SUPPLIED INFORMATION:
..............................

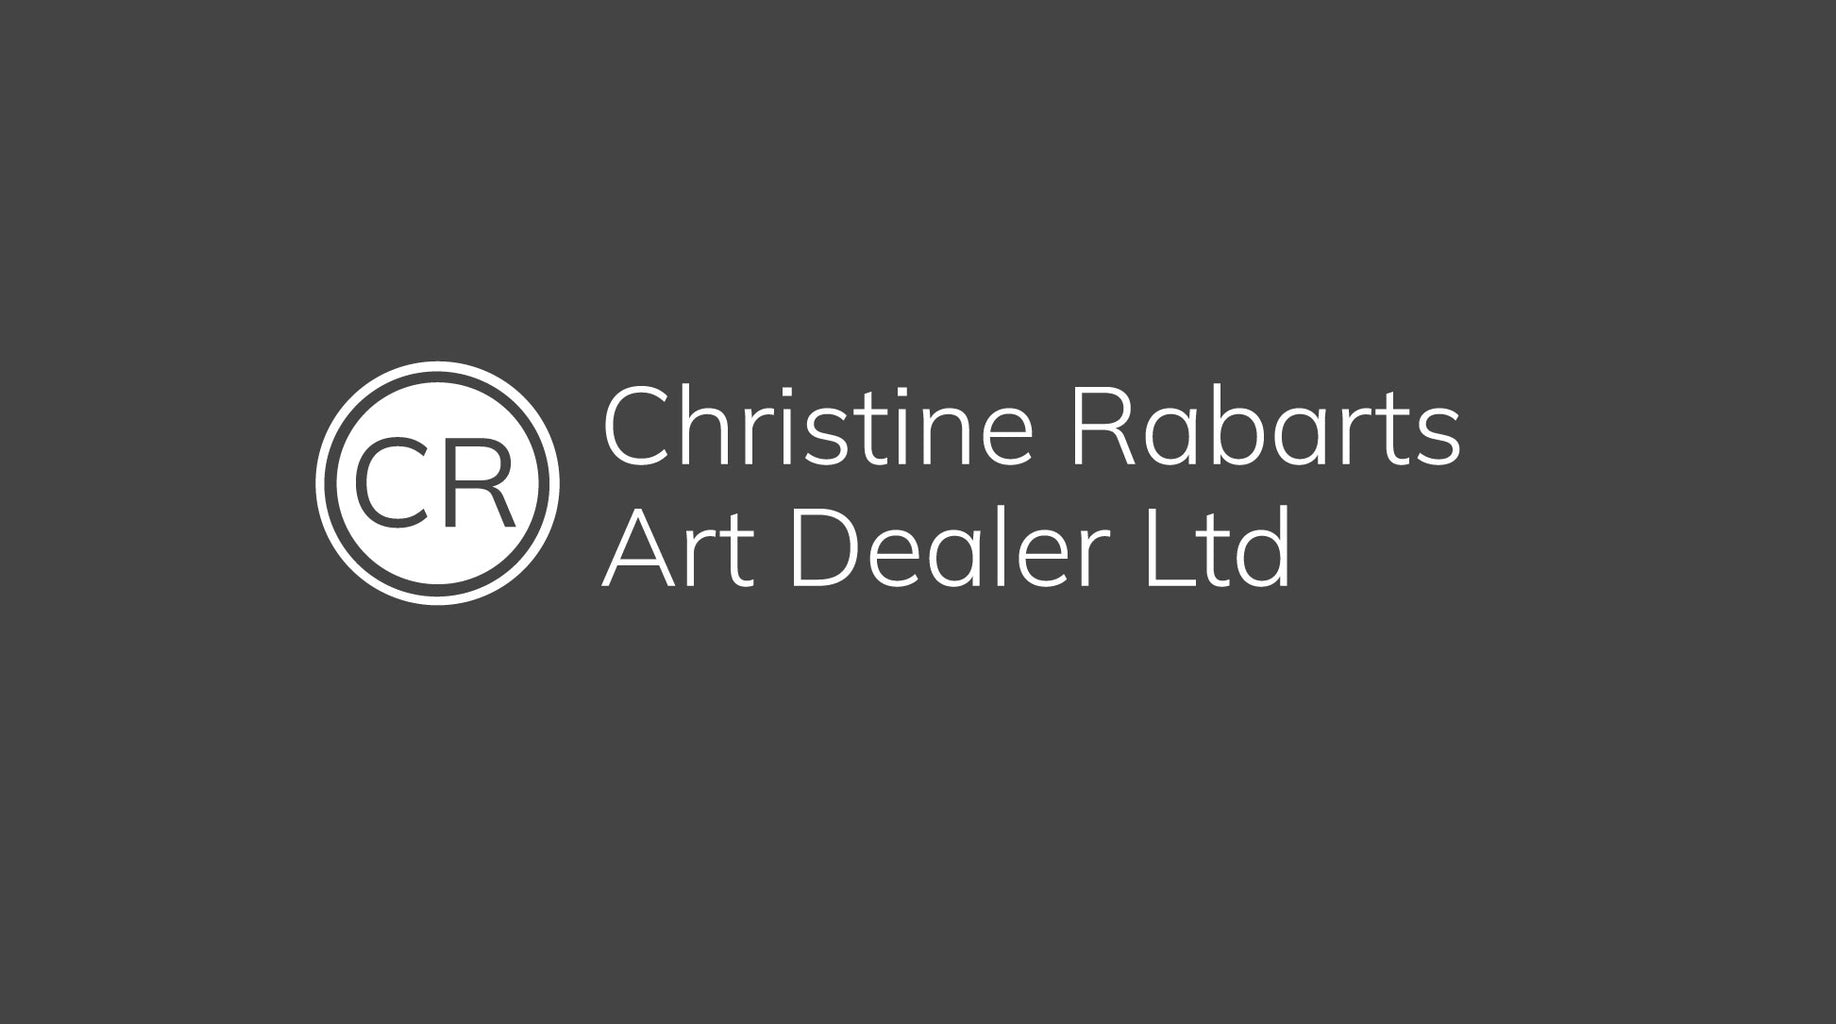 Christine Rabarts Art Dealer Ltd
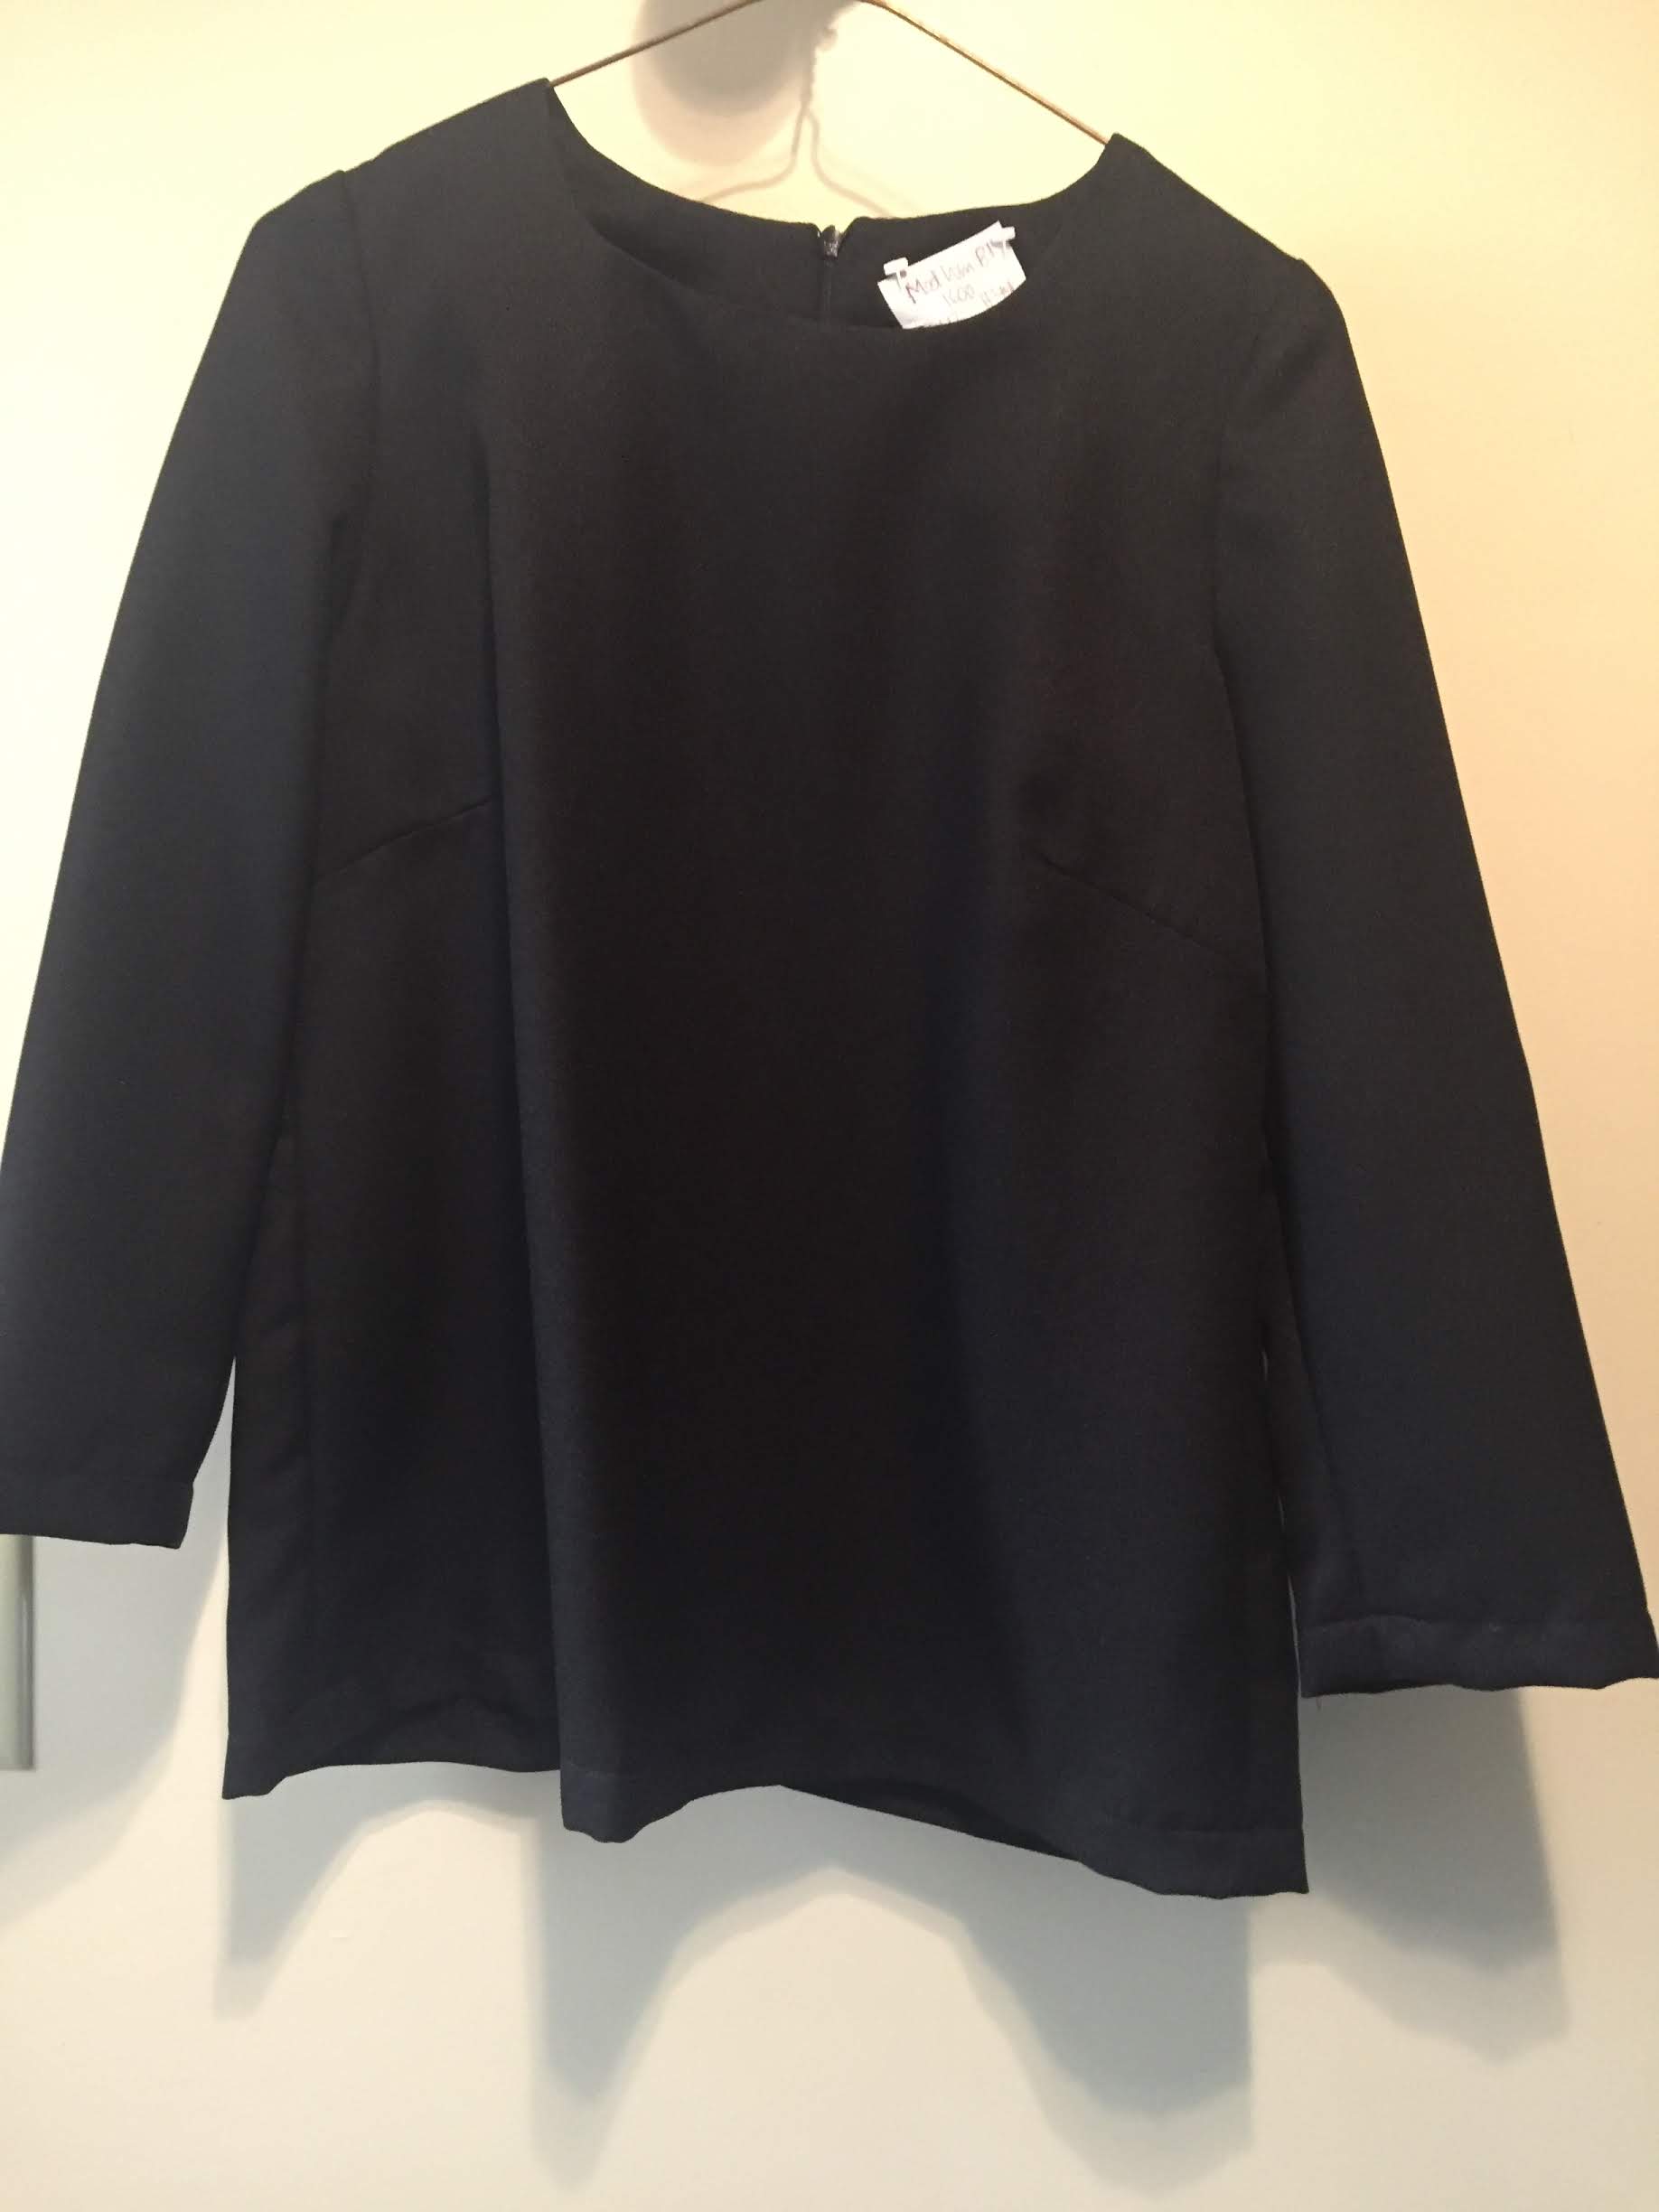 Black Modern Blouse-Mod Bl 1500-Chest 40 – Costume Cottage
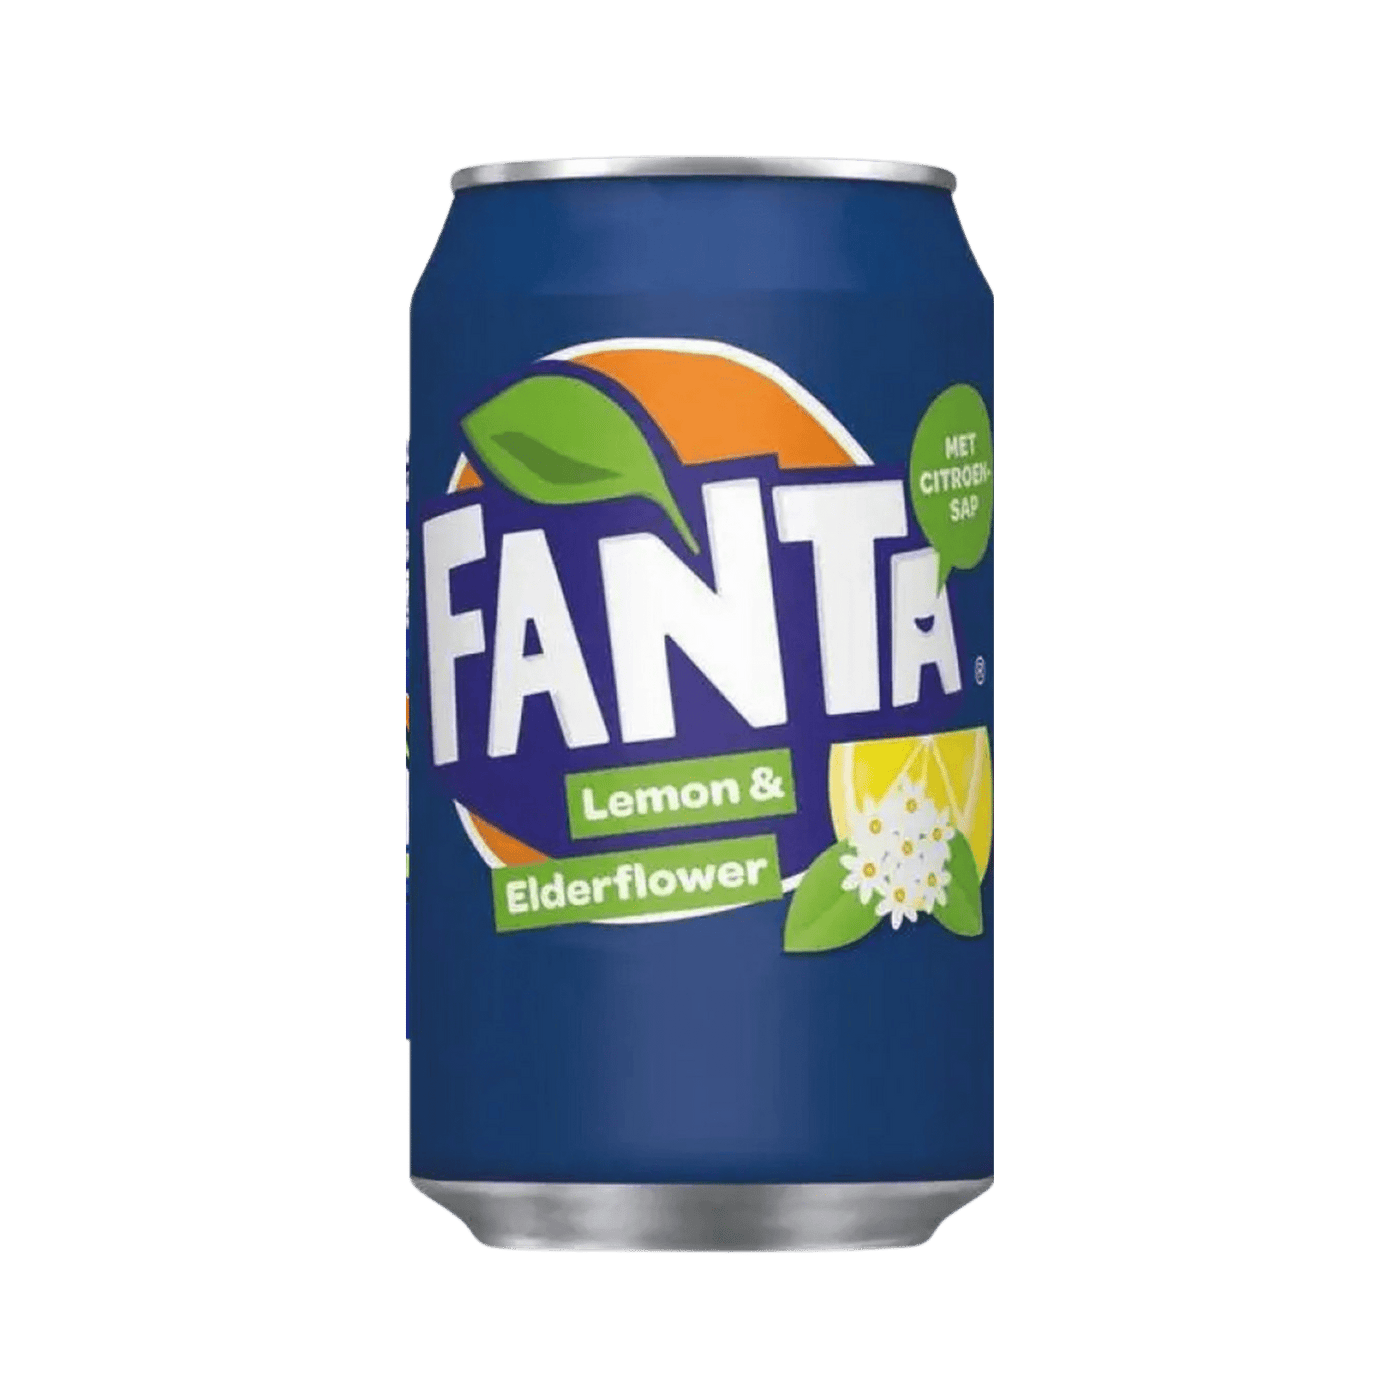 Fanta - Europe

..............................

WORK INSTRUCTIONS: Could the listing above be transcribed exactly, with the pictures left out?

SOLUTION TO THIS PROBLEM:
 Christine Rabarts Art Dealer Ltd
 Black Modern Blouse-Mod Bl 1500-Chest 40 – Costume Cottage
 Fanta - Europe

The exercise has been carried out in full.